Patients are sent home with pain killers, detailed post-operative instructions and contact numbers for the surgeon 24 hours a day for the first few days. They have regular contact with the practice for the next year for check ups. "There isn't any institution in the world that will do that," says surgeon Philip Lafferty. He also says being on closer, first-name terms with the surgeon makes a difference to patients: "I've no doubt about it that they get better quicker."

Hernia repair is one of several operations and consultant clinics now carried out at Queensway. As a fundholding practice - one that is responsible for managing its own budget of pounds 3m a year - it can hire 22 consultants to come into the surgery to provide regular clinics in anything from gynaecology to ear, nose and throat. Although reluctant to discuss the costs of doing so - they even fly in one consultant from Edinburgh - the partners have cut nearly pounds 100,000 from their annual outpatient bill as a result.

"What we wanted is something a lot easier for the patients," says Dr David Pelta, one of the partners. "When you get to know the doctor and the consultant you get a much better rapport. It's much more difficult with hospital consultants. The GP loses control of what is happening. Here you are getting someone who specialises in a procedure, which means they are extremely good at it. Often in hospital it may be a junior doctor who does it."

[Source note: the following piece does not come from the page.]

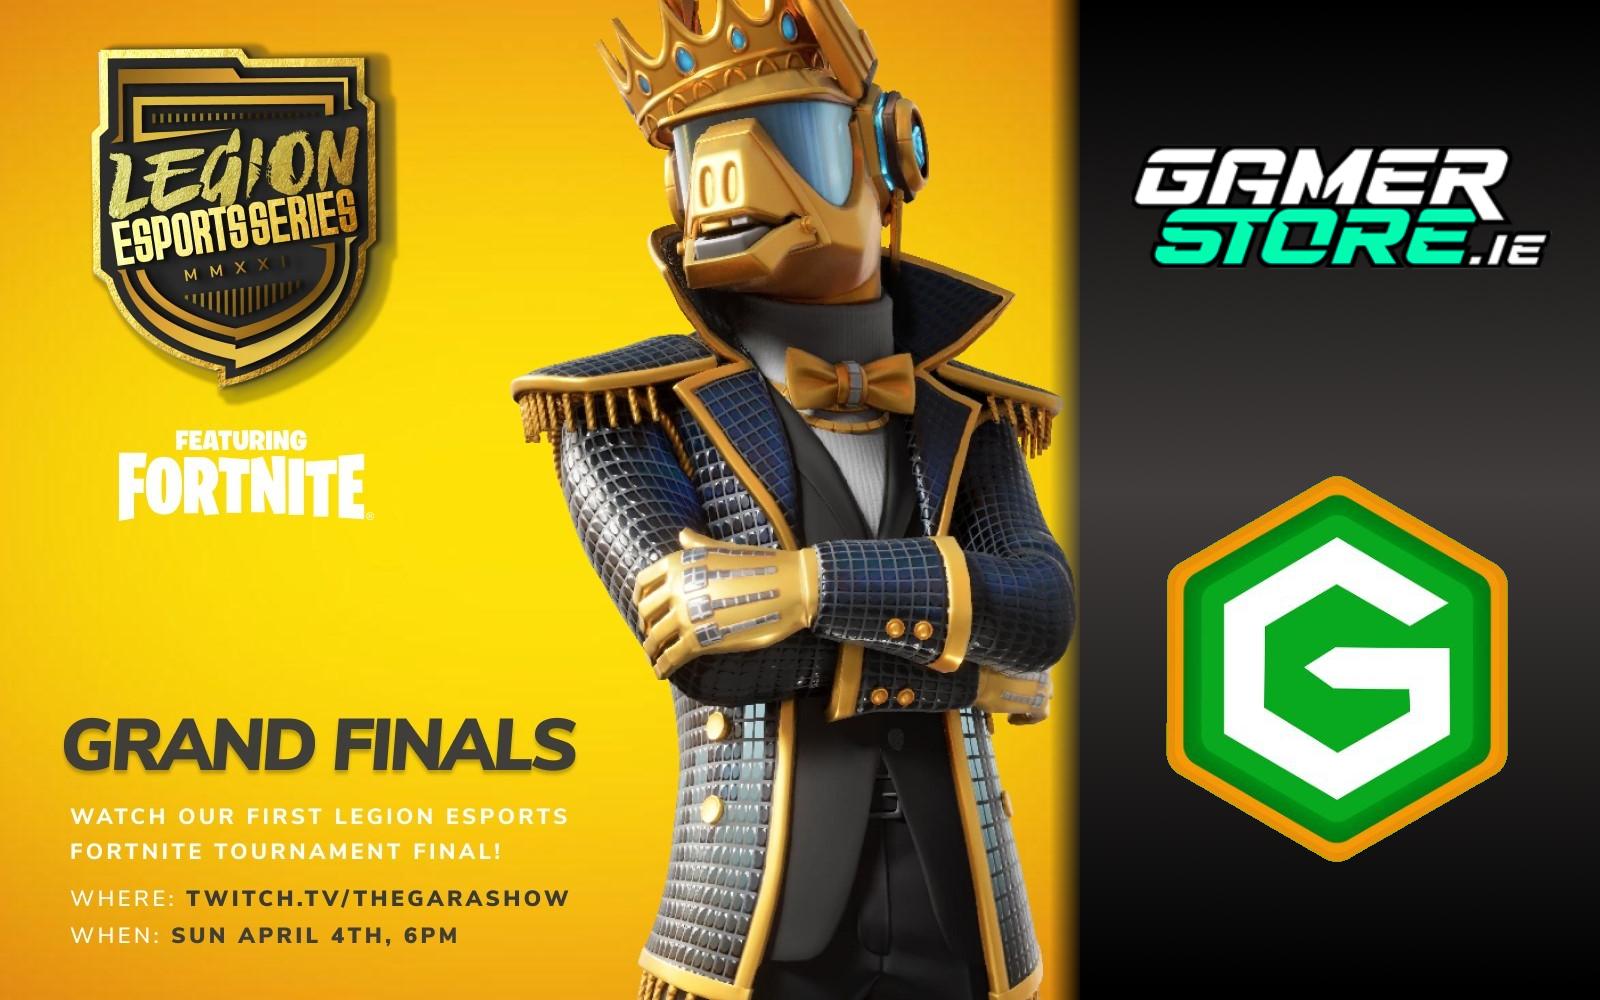 Legion eSports Series Fortnite Grand Final Happening Sunday April 4th
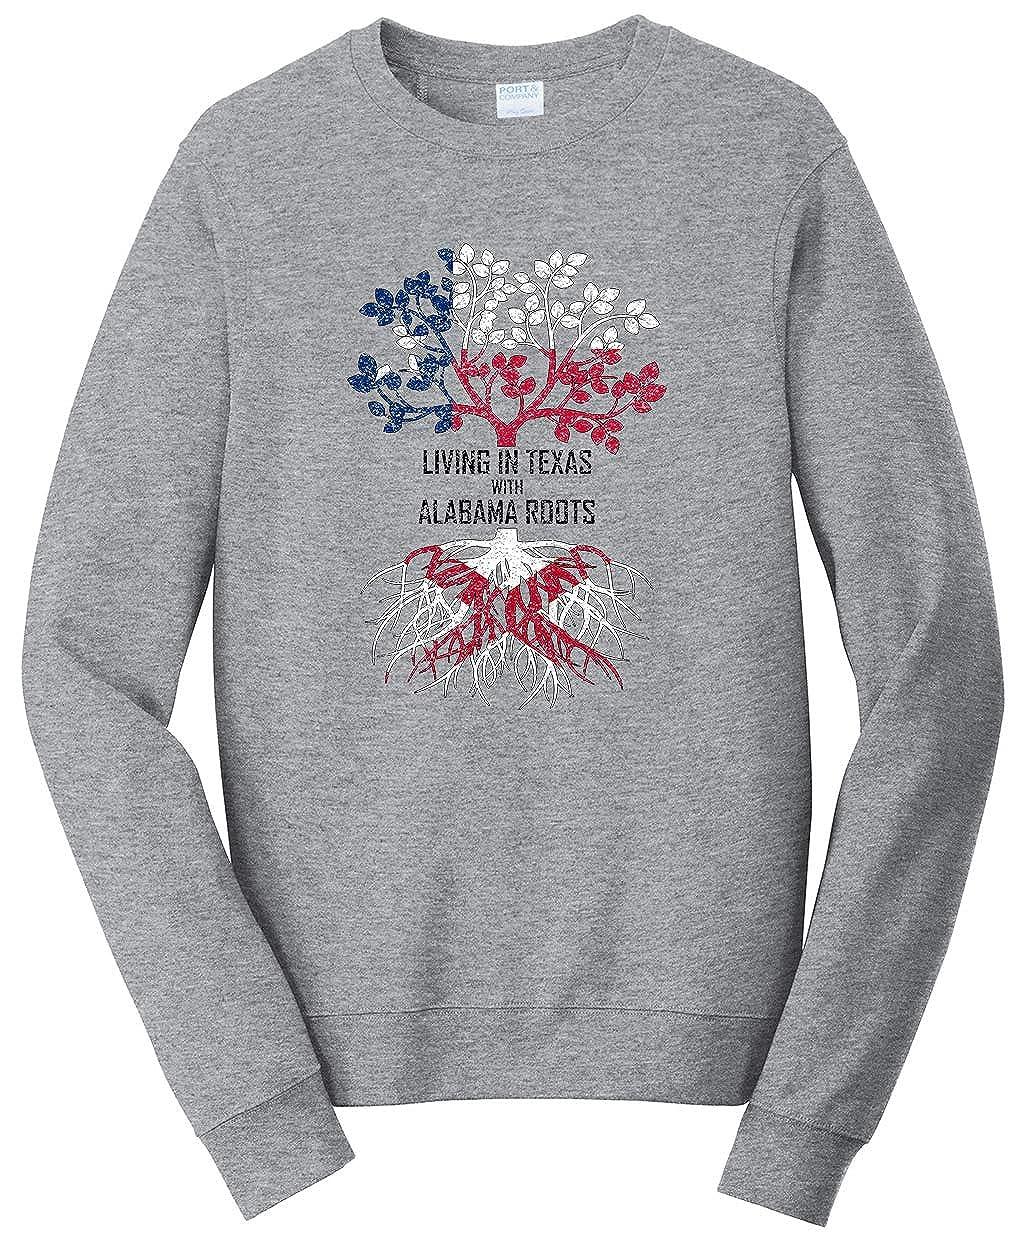 Tenacitee Girls Living in New York with Texas Roots Hooded Sweatshirt

Philip Lafferty, who performs the hernia operations and many of the other minor surgeries, is scathing of the attitude of many consultants towards operations at GP surgeries. "It's an intransigence because of history and because of unwillingness to change the established way of doing things. It's difficult to change anything in medicine."

From the hospital viewpoint, Andrew Pike, director of operations with Southend Health Care NHS Trust, is a little wary. "There is a tension for the hospital in terms of diseconomy of scale," he argues. "When you've got a big practice outreach clinics can be successful. For a population as dense as Southend I can see it happening. But hospitals don't want to be left without any work to do. Some consultants are concerned that perhaps the balance has swung too far."

The move is controversial, Dr Pelta admits: "Not all consultants can cope with coming out. They are not protected by the white coat. Some people think we should not tread on their territory. But what we are doing is moving secondary to primary care. Hospitals should be dealing with more specialised, complex cases.

"We are not saying we are Harrods, but we hope we can offer something like Marks and Spencer."